Back to skills
SkillHub ClubShip Full StackFull Stack

moai-domain-monitoring

Imported from https://github.com/dolsoon/my-awesome-project.

Packaged view

This page reorganizes the original catalog entry around fit, installability, and workflow context first. The original raw source lives below.

Stars
0
Hot score
74
Updated
March 20, 2026
Overall rating
C2.5
Composite score
2.5
Best-practice grade
B70.7

Install command

npx @skill-hub/cli install dolsoon-my-awesome-project-moai-domain-monitoring

Repository

dolsoon/my-awesome-project

Skill path: .claude/skills/moai-domain-monitoring

Imported from https://github.com/dolsoon/my-awesome-project.

Open repository

Best for

Primary workflow: Ship Full Stack.

Technical facets: Full Stack.

Target audience: everyone.

License: Unknown.

Original source

Catalog source: SkillHub Club.

Repository owner: dolsoon.

This is still a mirrored public skill entry. Review the repository before installing into production workflows.

What it helps with

  • Install moai-domain-monitoring into Claude Code, Codex CLI, Gemini CLI, or OpenCode workflows
  • Review https://github.com/dolsoon/my-awesome-project before adding moai-domain-monitoring to shared team environments
  • Use moai-domain-monitoring for development workflows

Works across

Claude CodeCodex CLIGemini CLIOpenCode

Favorites: 0.

Sub-skills: 0.

Aggregator: No.

Original source / Raw SKILL.md

---
name: "moai-domain-monitoring"
version: "4.0.0"
created: 2025-11-11
updated: 2025-11-13
status: stable
description: Enterprise Application Monitoring with AI-powered observability architecture, Context7 integration, and intelligent performance orchestration for scalable modern applications
keywords: ['monitoring', 'observability', 'performance', 'analytics', 'metrics', 'logging', 'tracing', 'context7-integration', 'ai-orchestration', 'production-deployment']
allowed-tools: 
  - Read
  - Bash
  - Write
  - Edit
  - Glob
  - Grep
  - WebFetch
  - mcp__context7__resolve-library-id
  - mcp__context7__get-library-docs
---

# Enterprise Application Monitoring Expert v4.0.0

## Skill Metadata

| Field | Value |
| ----- | ----- |
| **Skill Name** | moai-domain-monitoring |
| **Version** | 4.0.0 (2025-11-13) |
| **Tier** | Enterprise Monitoring Expert |
| **AI-Powered** | ✅ Context7 Integration, Intelligent Architecture |
| **Auto-load** | On demand when monitoring keywords detected |

---

## What It Does

Enterprise Application Monitoring expert with AI-powered observability architecture, Context7 integration, and intelligent performance orchestration for scalable modern applications.

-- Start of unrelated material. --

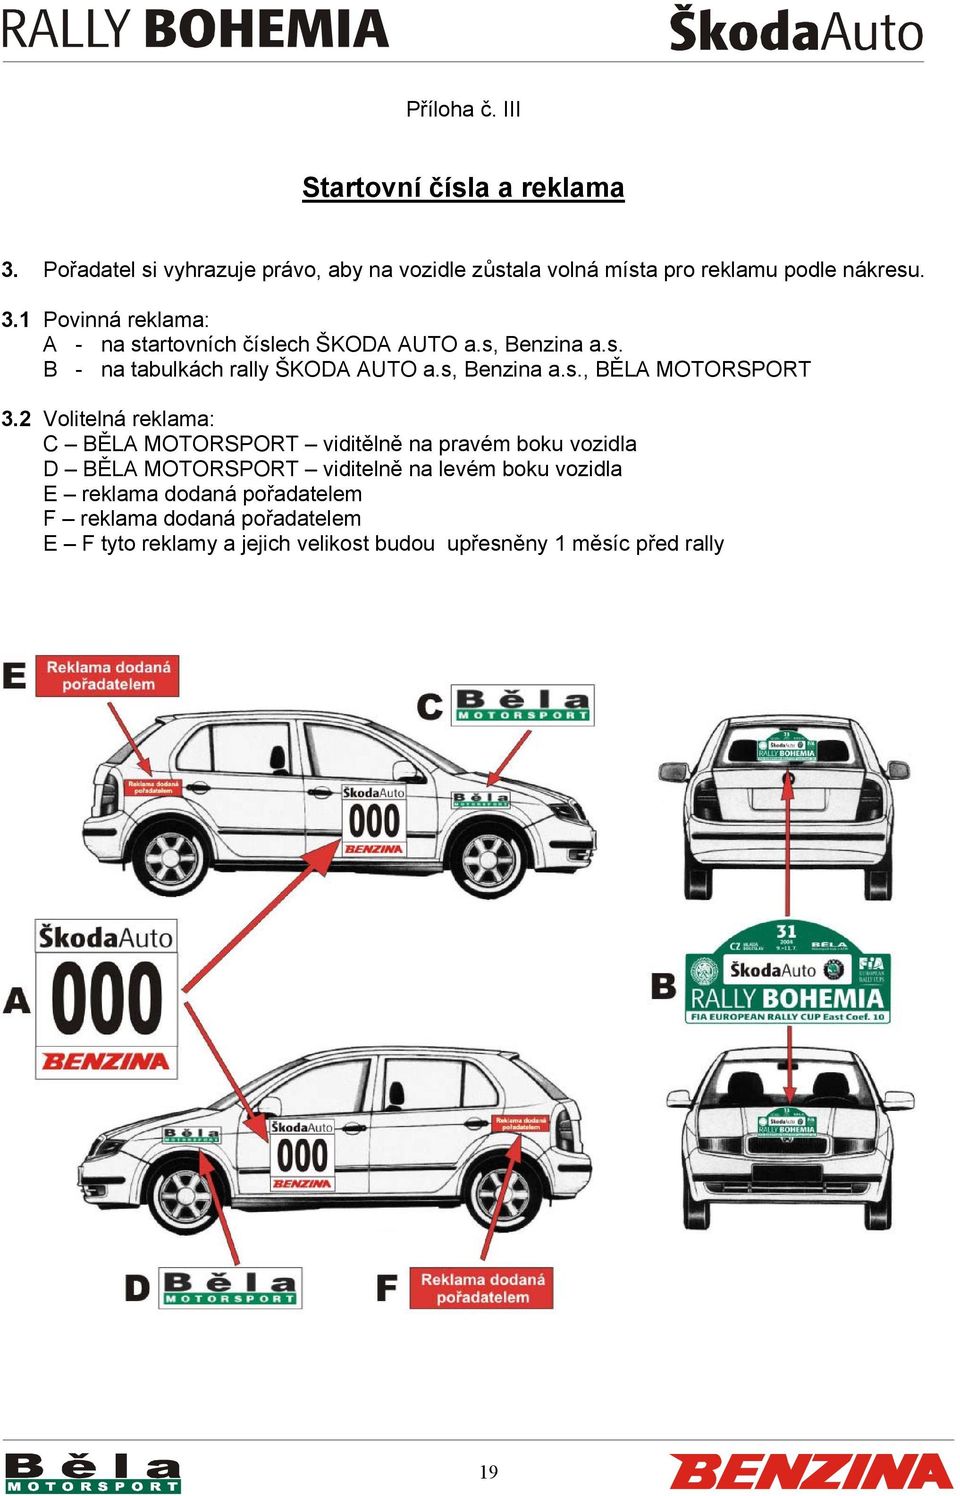 1 Povinná reklama: A - na startovních číslech ŠKODA AUTO a.s, Benzina a.s. B - na tabulkách rally ŠKODA AUTO a.s, Benzina a.s., BĚLA MOTORSPORT 3.

**Revolutionary v4.0.0 capabilities**:
- 🤖 **AI-Powered Monitoring Architecture** using Context7 MCP for latest observability patterns
- 📊 **Intelligent Performance Analytics** with automated anomaly detection and optimization
- 🚀 **Advanced Observability Integration** with AI-driven distributed tracing and correlation
- 🔗 **Enterprise Alerting Systems** with zero-configuration intelligent incident management
- 📈 **Predictive Performance Insights** with usage forecasting and capacity planning

---

## When to Use

**Automatic triggers**:
- Application monitoring architecture and observability strategy discussions
- Performance optimization and bottleneck analysis planning
- Alerting and incident management system implementation
- Distributed tracing and system correlation analysis

**Manual invocation**:
- Designing enterprise monitoring architectures with optimal observability
- Implementing comprehensive performance monitoring and analytics
- Planning incident response and alerting strategies
- Optimizing system performance and capacity planning

---

# Quick Reference (Level 1)

## Modern Monitoring Stack (November 2025)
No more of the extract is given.